Dataset section
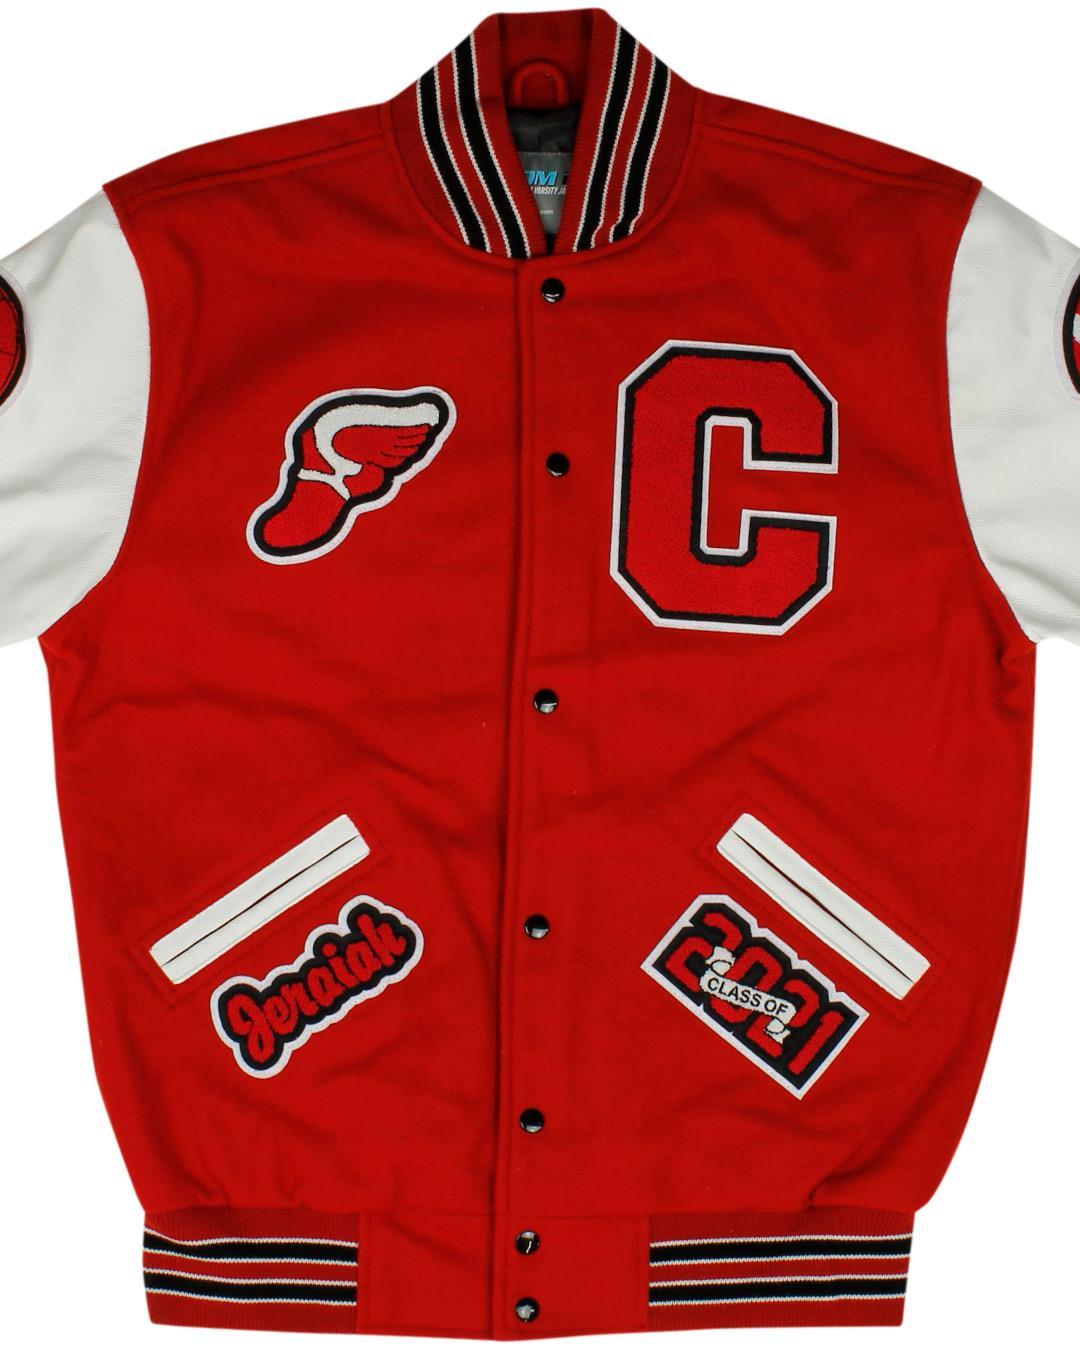 Cobre High School Letterman Jacket, Bayard NM - Front
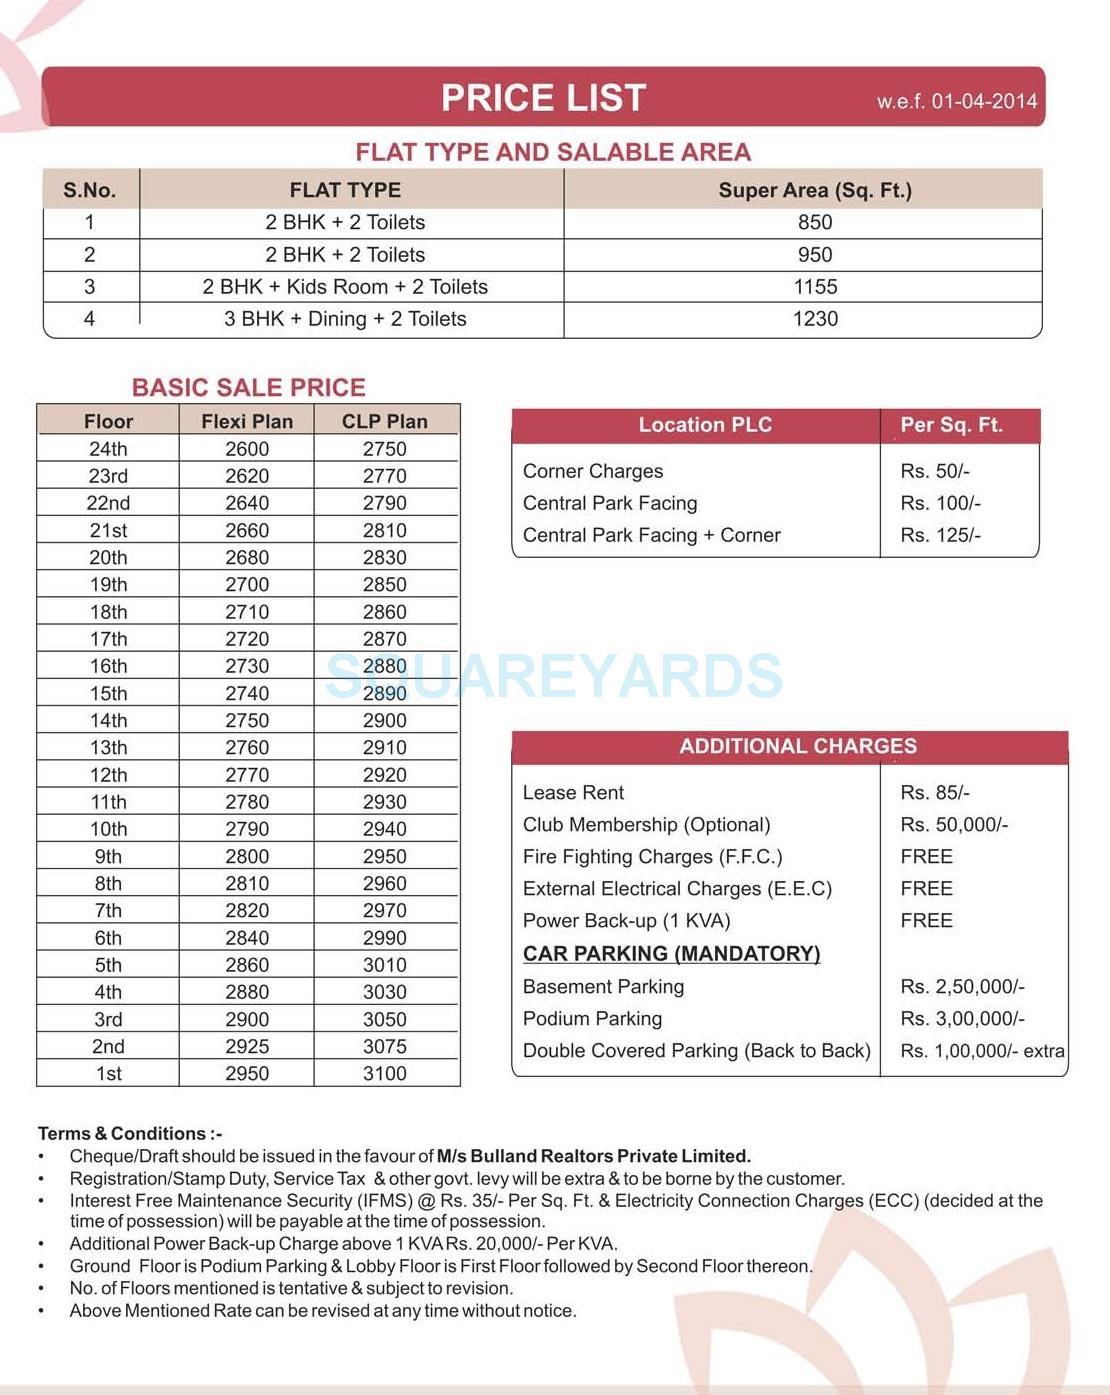 bulland calisto payment plan image2
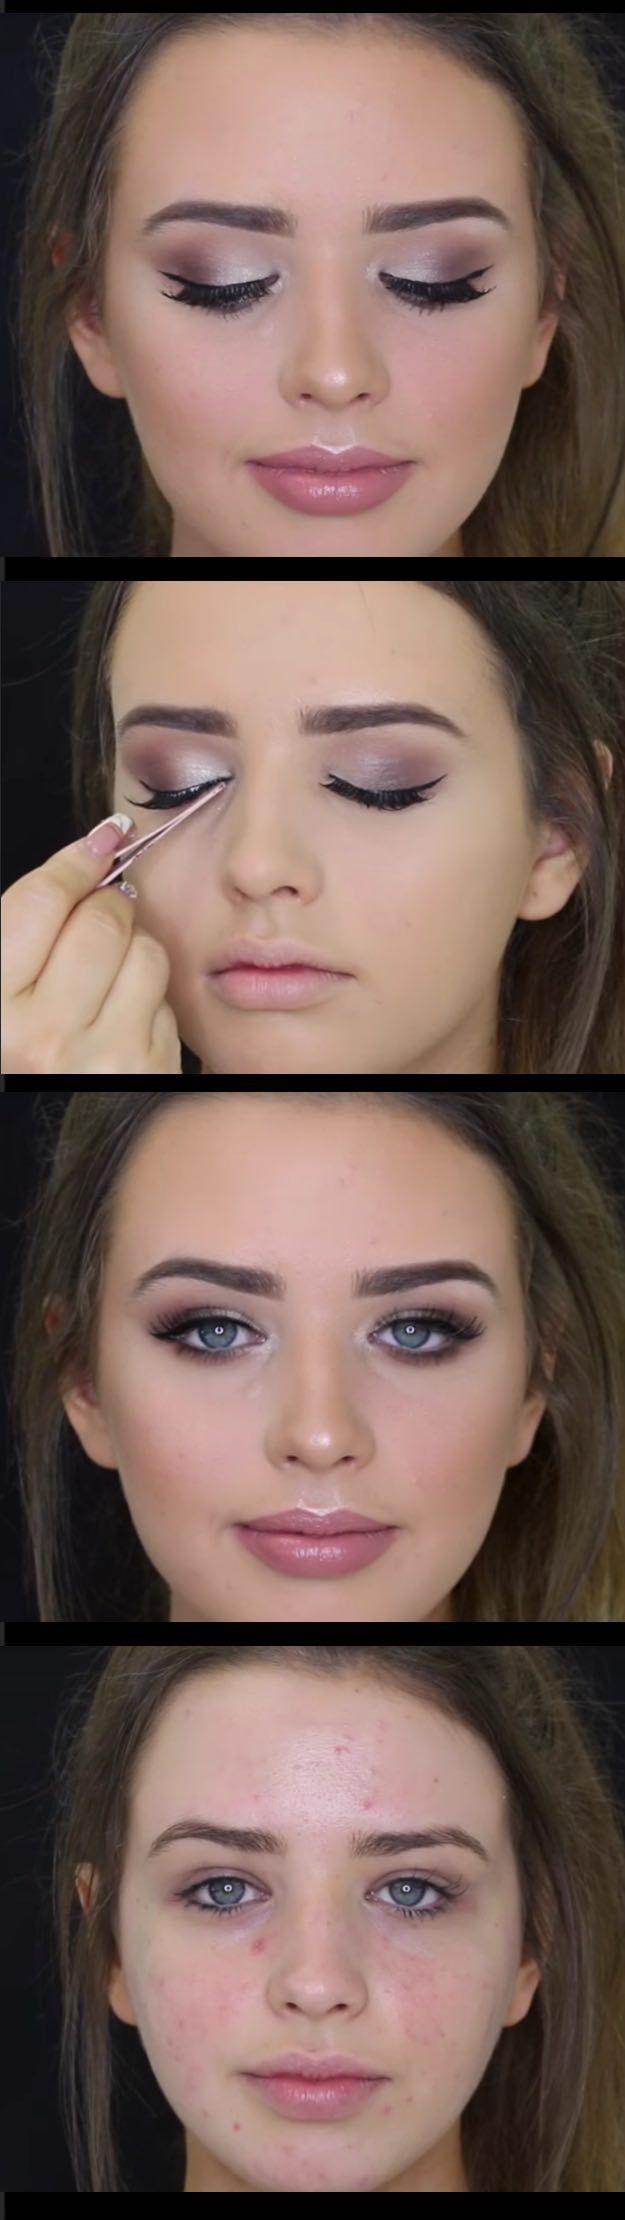 Wedding Makeup Ideas for Brides - Bridal Inspired Makeup Tutorial - Romantic mak...

Exercise objective
Leaving the pictures behind, return every line above exactly.

Answer space
 Cobre High School Letterman Jacket, Bayard NM - Front
 bulland calisto payment plan image2
 Wedding Makeup Ideas for Brides - Bridal Inspired Makeup Tutorial - Romantic mak...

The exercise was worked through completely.